Шрифт:
Интервал:
Закладка:
Mors — смерть.
Mortuus — мертвый
Homo Mortuus, а ведь звучит, не правда ли?
Хотя, могут возникнуть проблемы с моей классификацией именно, как биологического существа. Я же по сути колдовской труп. Нет, магия — это наука, пусть и работающая по другим законам Вселенной, но…

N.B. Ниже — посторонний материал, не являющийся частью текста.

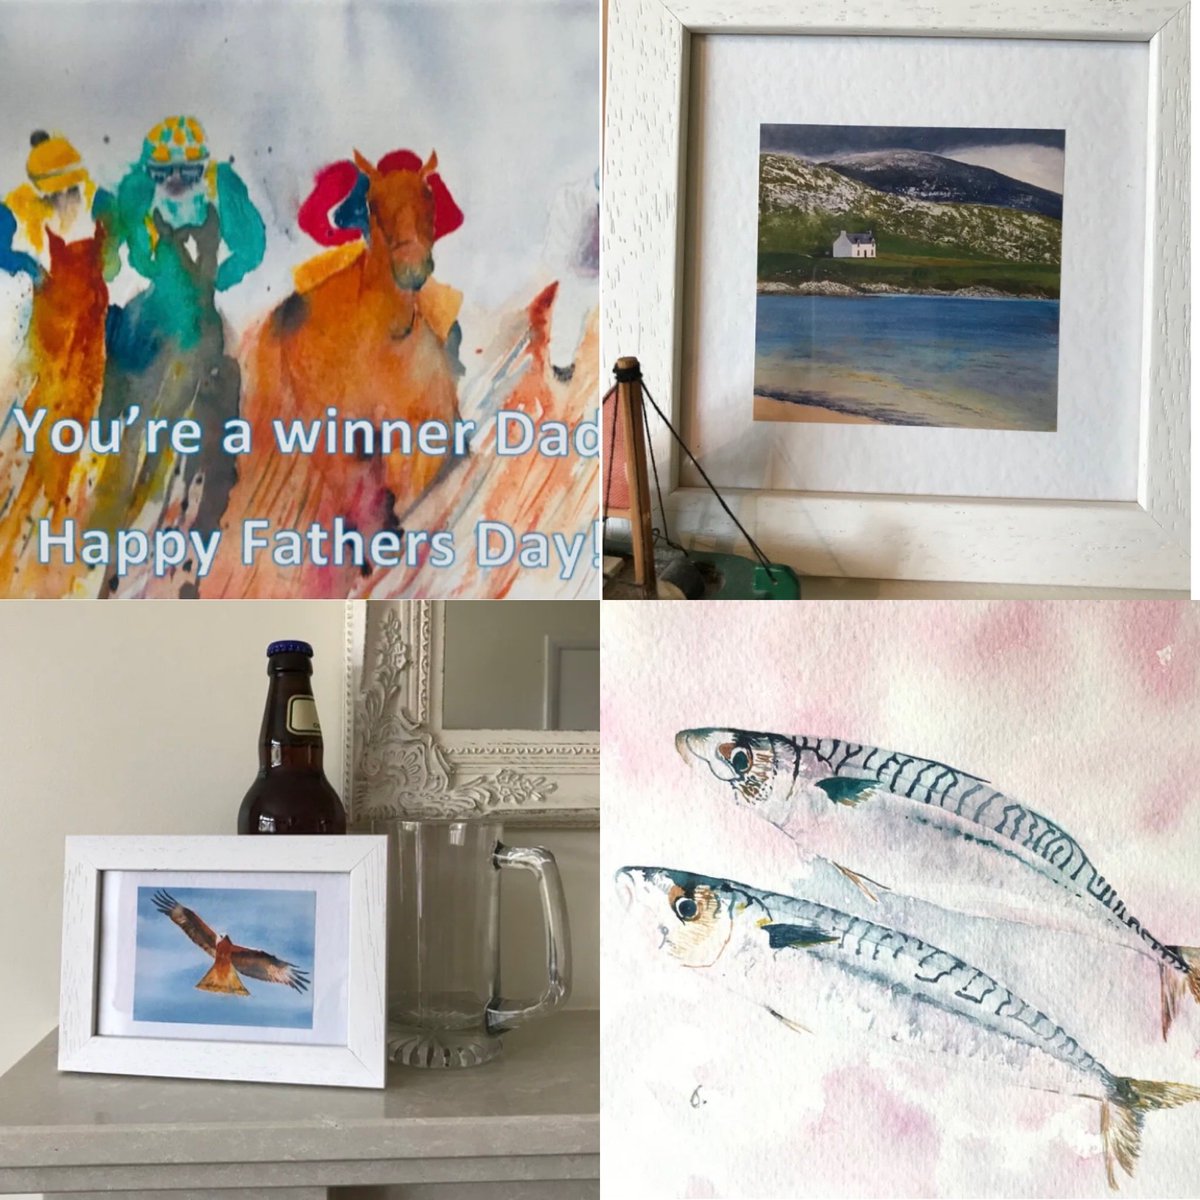 Here’s a selection of gifts and cards for Fathers Day #EarlyBiz I have more choices so do pop in for a browse cardsbymormorjan.etsy.com #MHHSBD #SBS #SMILEtt23 ⁦@CraftBizParty⁩ ⁦@TheCraftersUK⁩

Временами меня начинают напрягать такие провалы в хитросплетения философско-научных размышлений. Становлюсь умнее. И да, косяк у торчков нашелся.
Последний этаж.
Сдавленный вопль.
Истошный плач.
Крепкий чувачок, по повадкам то ли вольник, то ли самбист, зажимая окровавленное плечо выбегает из распахнутой пасти квартиры под аккомпонимент отвратительного хлюпающего хруста, ознаменующего сытную трапезу одного хорошо поработавшего вурдалака. Вы знали, что каннибалам не нравятся татуированные люди? От повышенного количества вбитой под кожу краски портится вкус мяса и как его не прожаривай, обязательно на вкусовых сосочках будет оставаться этот мерзкий привкус. Так вот, авторитетно заявляю, что в обществе алчущих свежей плоти мертвецов тотальная демократия и толерантность. Забитую качественными наколками сестру спортика Костян обгладывал, как и обычного человека. Наверное, тут нужно было вставить шутку про вегетарианство и салат из парализованных "овощей", но… проехали. Все же осталось во мне, что-то от живого, трава жестко бьет в мозг, впрочем, вызывая не "вай, какой каеф, ёбана", а странные мыслишки, слабо связанные с привычными логически-следственными связями, протекающими по частой паутине нейронов.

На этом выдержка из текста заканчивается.